** ACTIVITY **
In the material below, write out each line word for word and omit the pictures.

** COLLECTED MATERIAL **
■ ■ ■ ■ ■

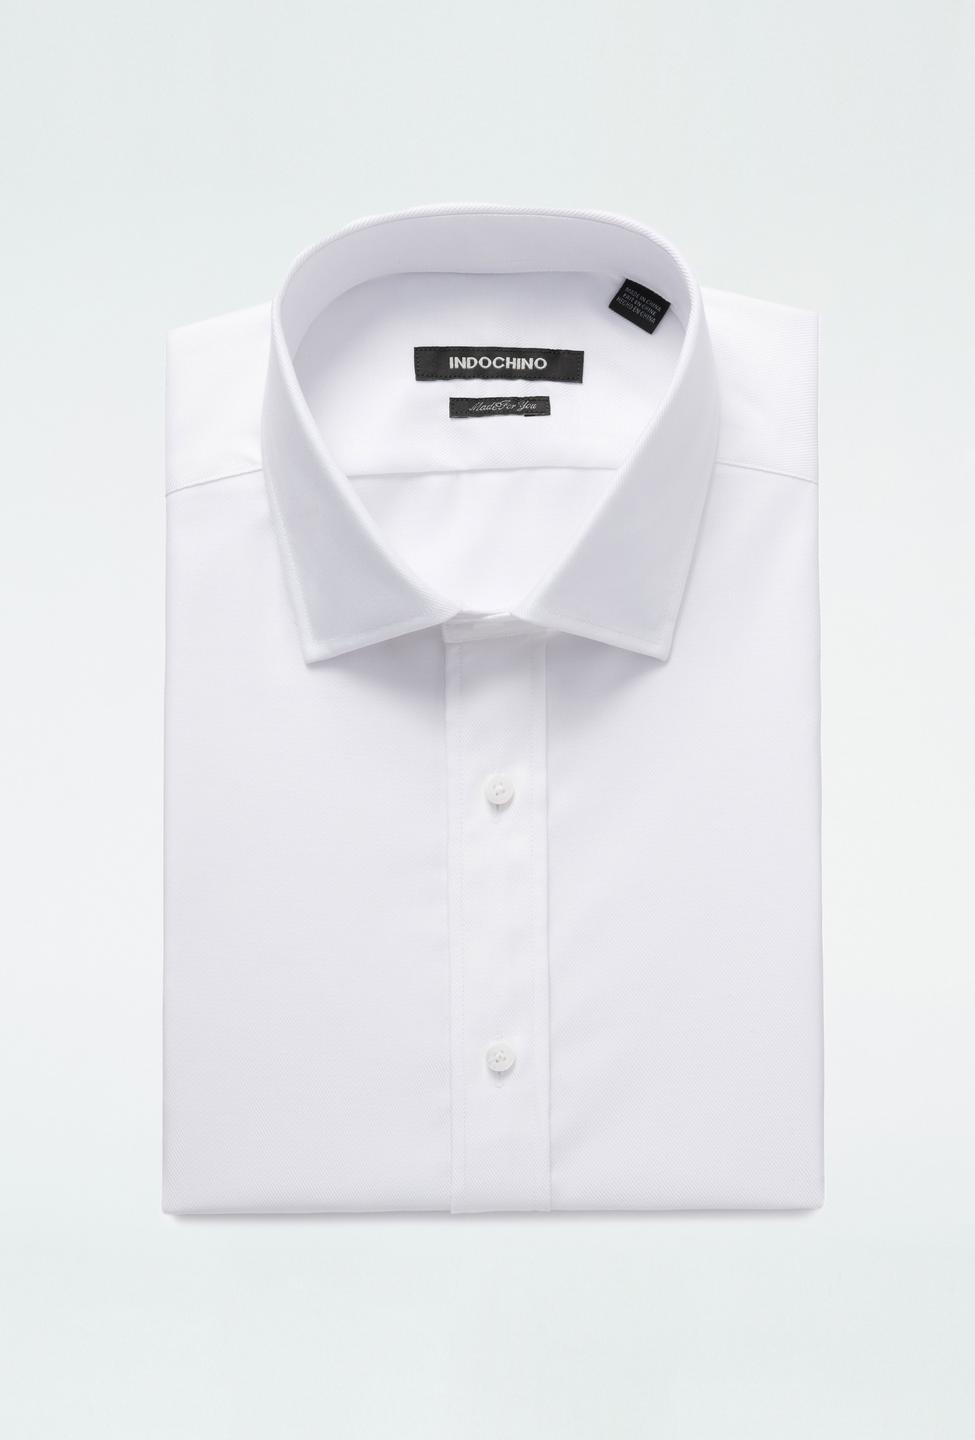 White shirt - Halewood Striped Design from Premium Indochino Collection
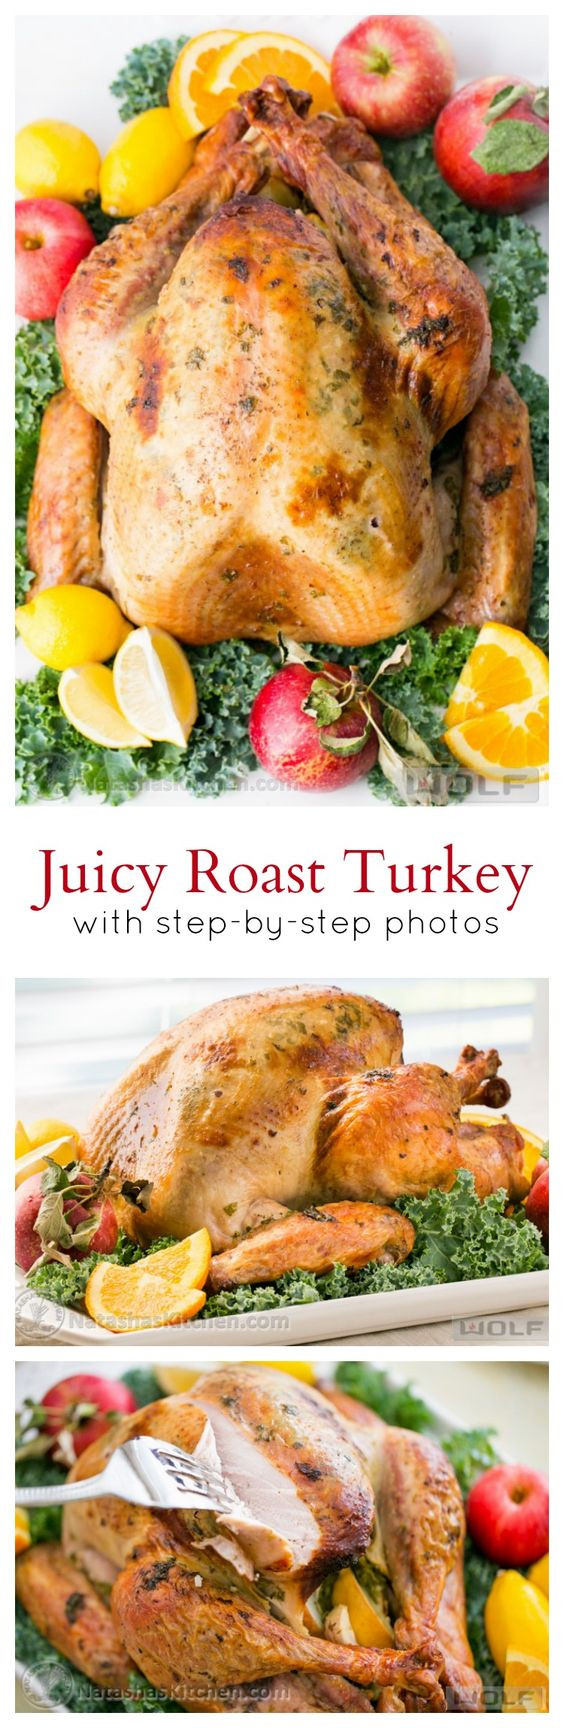 Turkey Recipes For Thanksgiving Dinner
 The BEST Thanksgiving Dinner Holiday Favorite Menu Recipes
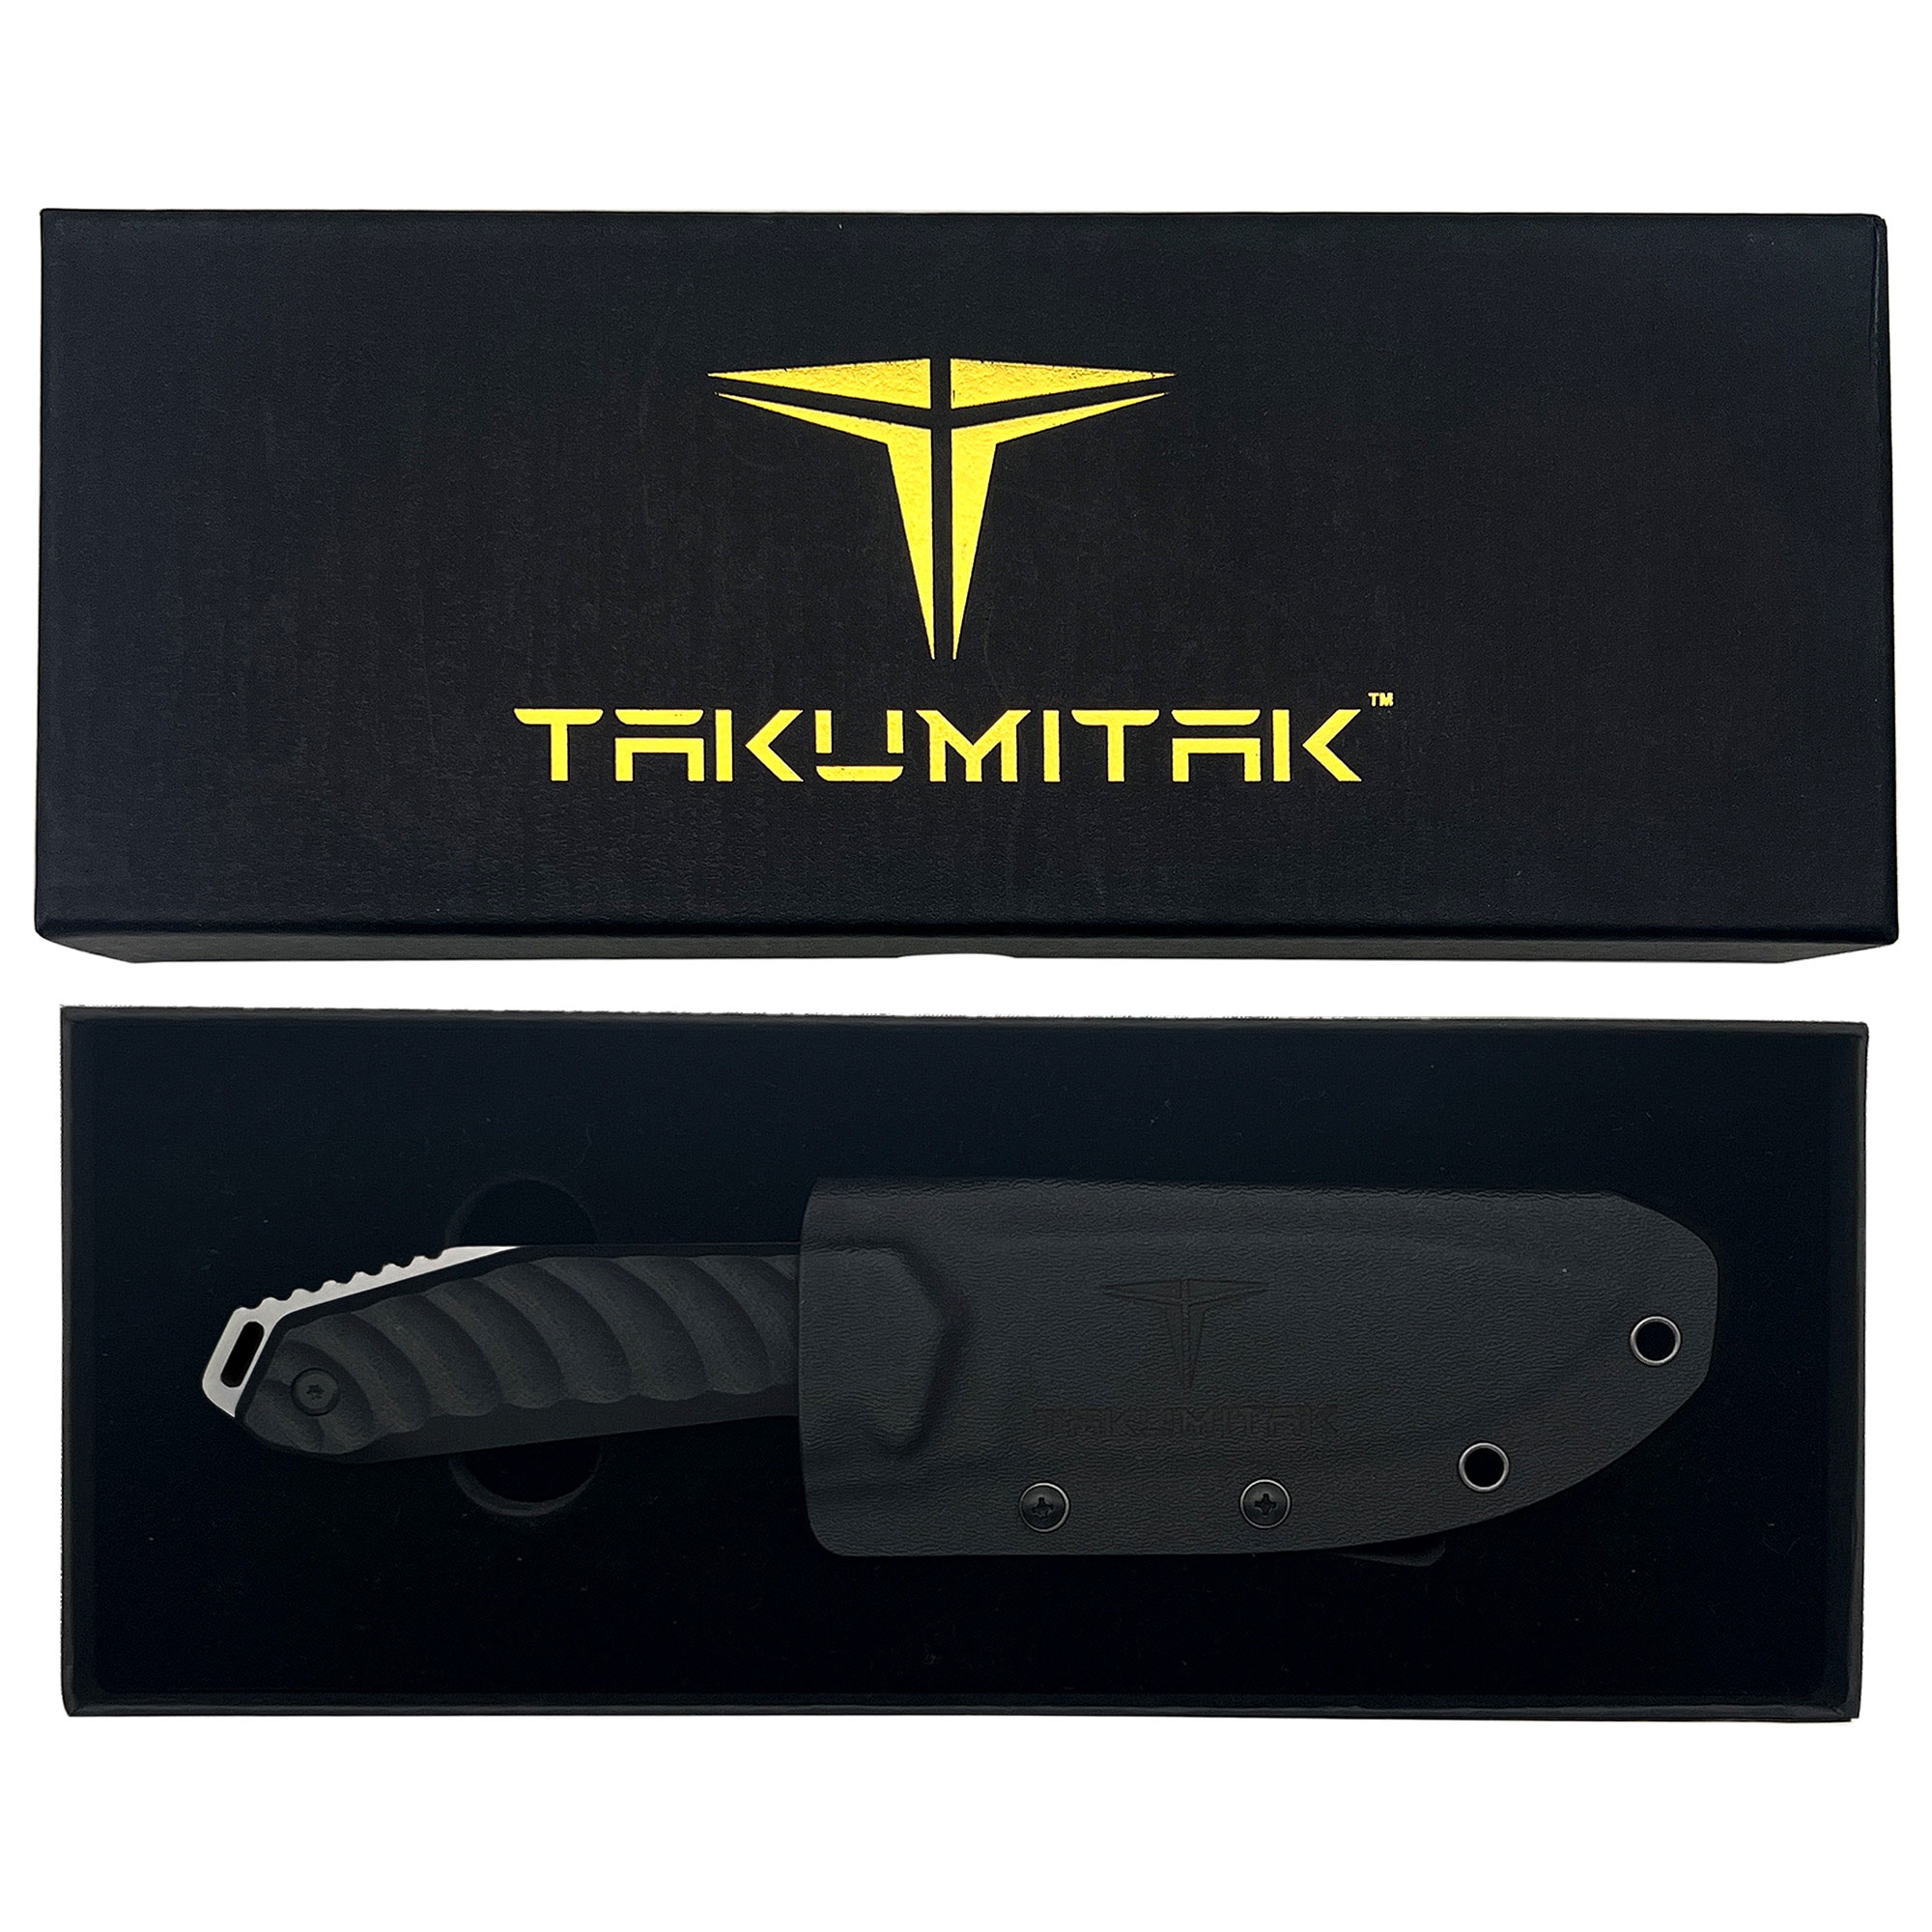 Ніж Takumitak Takumi - Black/Silver

■ ■ ■ ■ ■

** RESPONSE BELOW **
 White shirt - Halewood Striped Design from Premium Indochino Collection
 Turkey Recipes For Thanksgiving Dinner
 The BEST Thanksgiving Dinner Holiday Favorite Menu Recipes
 Ніж Takumitak Takumi - Black/Silver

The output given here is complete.